New research headed by Sandro Franceschini and Andrea Facoetti examines whether the focus employed while playing action video games can improve the focus and reading ability of dyslexic children. To test this, they took 40 children that never played video games and had them play 12 hours of Rayman Raving Rabbids over two weeks. Half the children played only action minigames, while the other half played non-action minigames.
They found that playing action video games increased the reading ability of dyslexic children the equivalent of a years worth of schooling! Not only that, but the effect lasted for two months after the subjects stopped playing the game.
The authors suggest that the action video games improved the children’s reading ability by enhancing their ability to focus; a necessity to successfully play fast-paced video games. More work needs to be done, but can you imagine a more fun way for kids to combat dyslexia?

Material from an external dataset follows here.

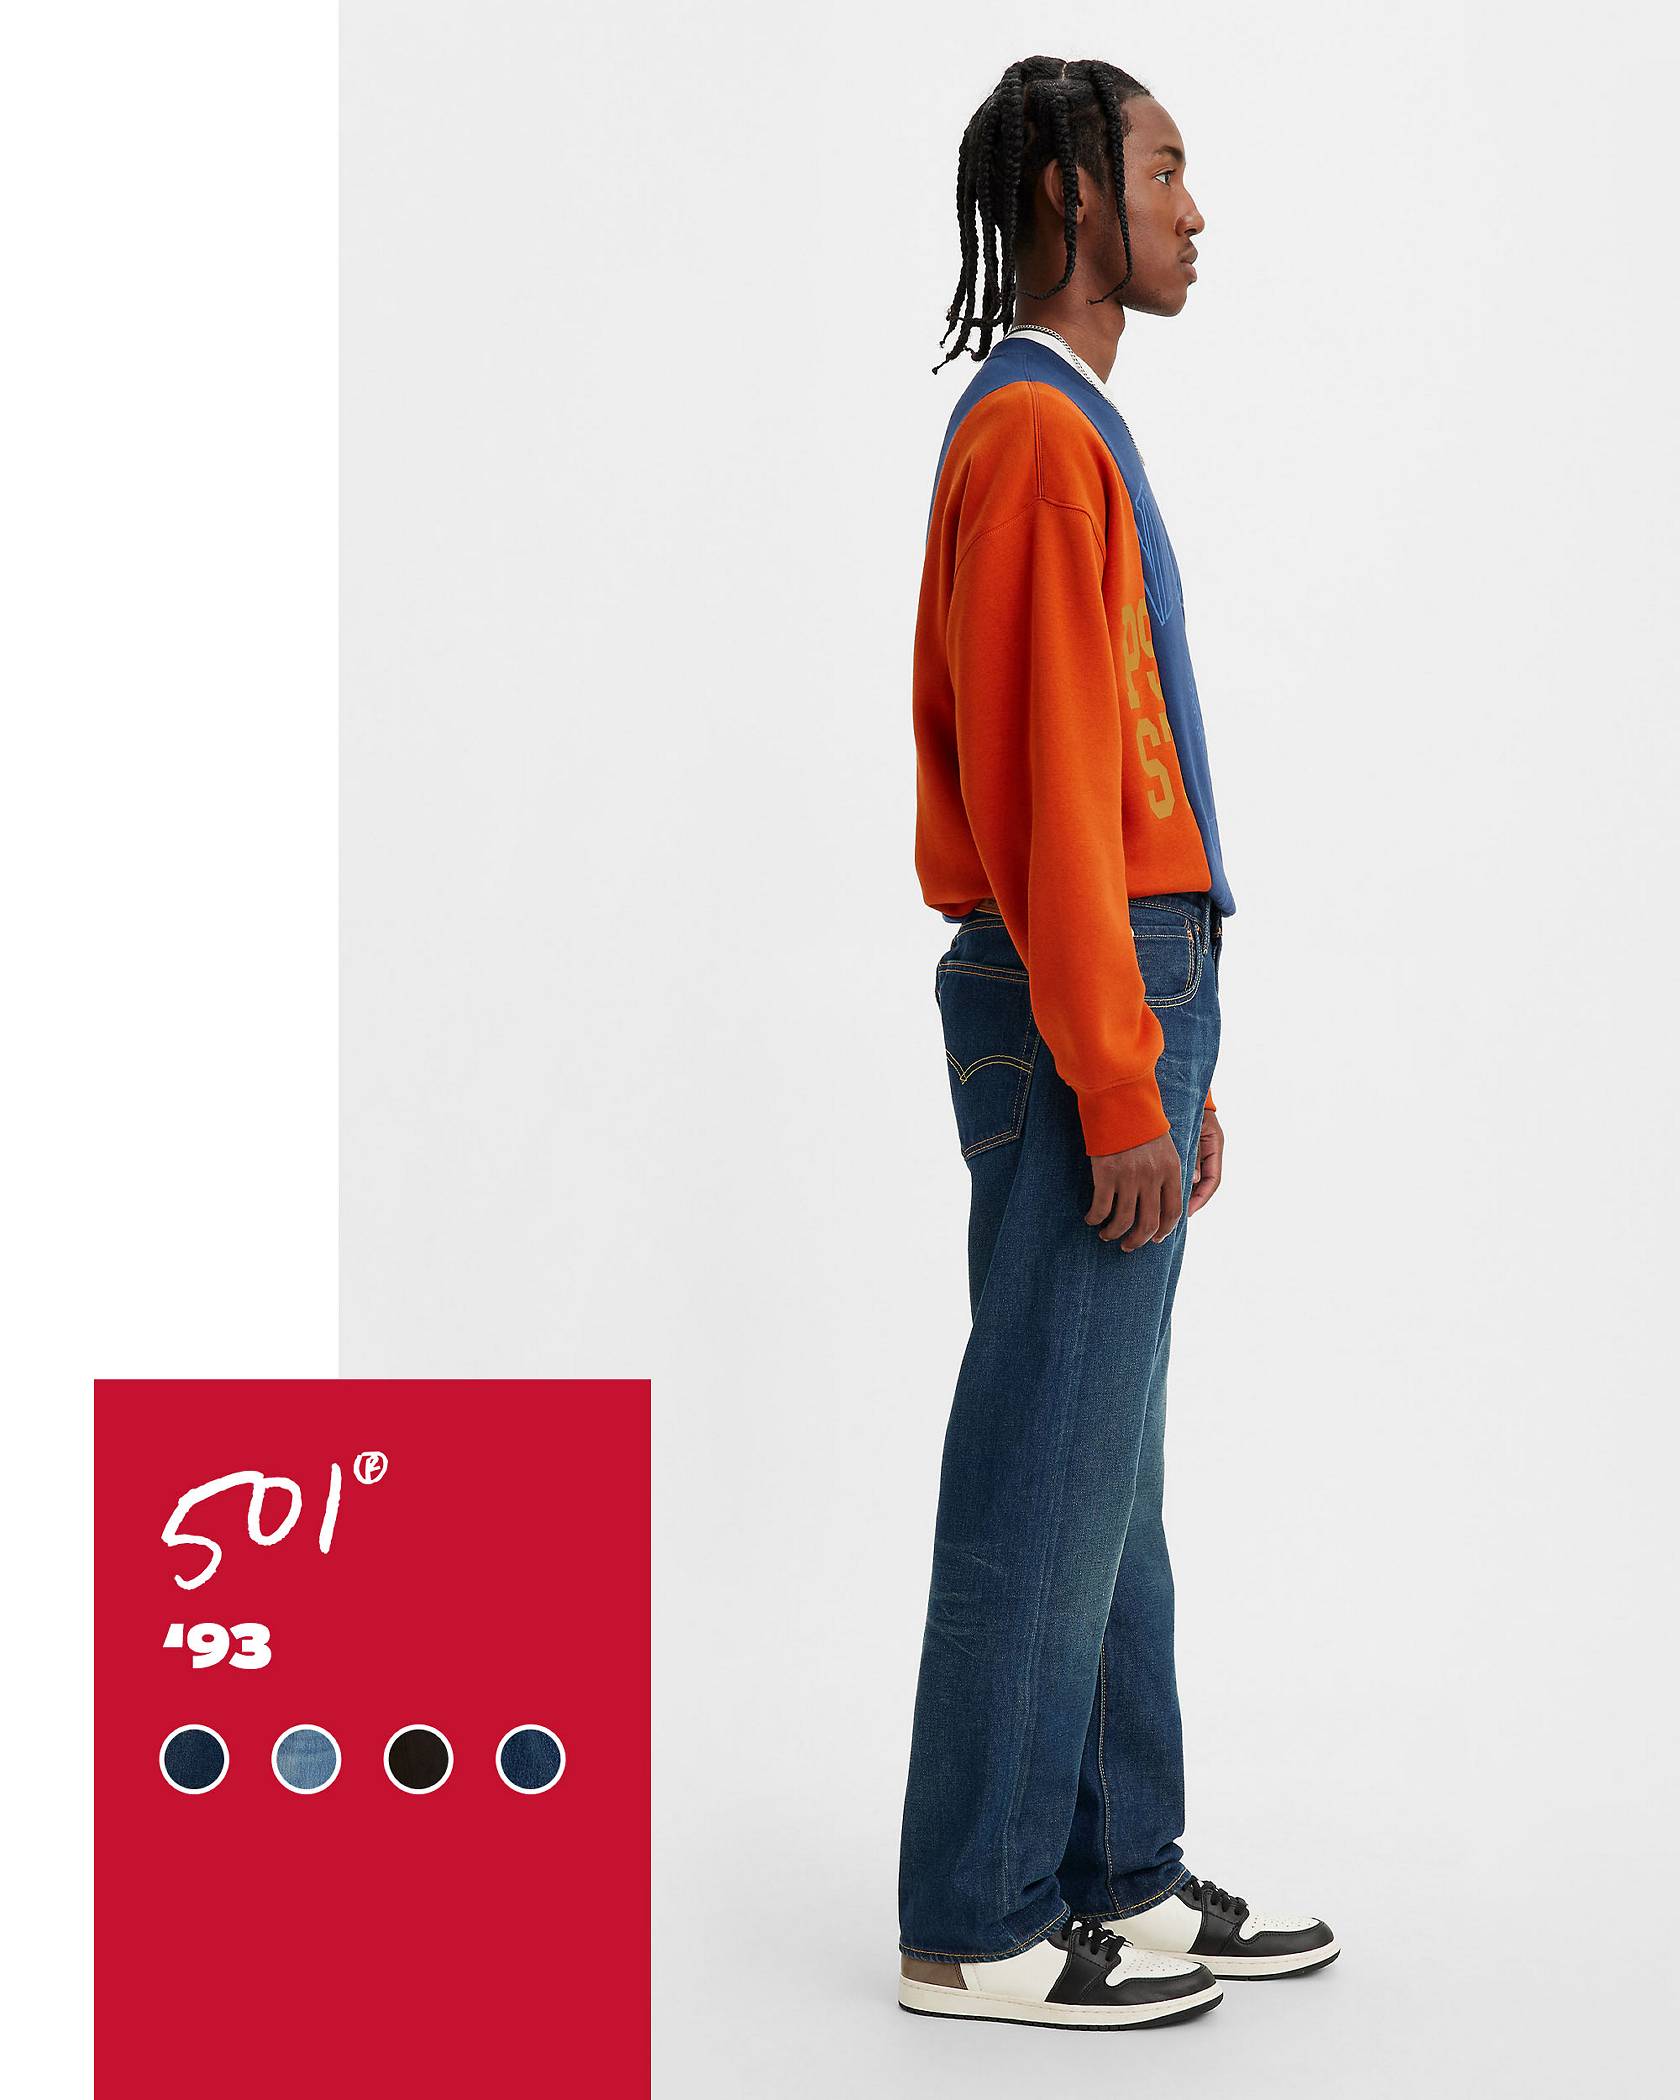 Paneled shot of model in dark wash 501® '93 jeans with a red tag displaying product name and sample color swatches

You can read more about the study here:
Franceschini, S., Gori, S., Ruffino, M., Viola, S., Molteni, M., Facoetti, A., 2013. Video games make dyslexic children read better. Curr. Biol., 10.1016/j.cub.2013.1001.1044.
Summary
Learning to read is extremely difficult for about 10% of children; they are affected by a neurodevelopmental disorder called dyslexia. The neurocognitive causes of dyslexia are still hotly debated. Dyslexia remediation is far from being fully achieved, and the current treatments demand high levels of resources. Here, we demonstrate that only 12 hr of playing action video games—not involving any direct phonological or orthographic training—drastically improve the reading abilities of children with dyslexia. We tested reading, phonological, and attentional skills in two matched groups of children with dyslexia before and after they played action or nonaction video games for nine sessions of 80 min per day. We found that only playing action video games improved children’s reading speed, without any cost in accuracy, more so than 1 year of spontaneous reading development and more than or equal to highly demanding traditional reading treatments. Attentional skills also improved during action video game training. It has been demonstrated that action video games efficiently improve attention abilities; our results showed that this attention improvement can directly translate into better reading abilities, providing a new, fast, fun remediation of dyslexia that has theoretical relevance in unveiling the causal role of attention in reading acquisition.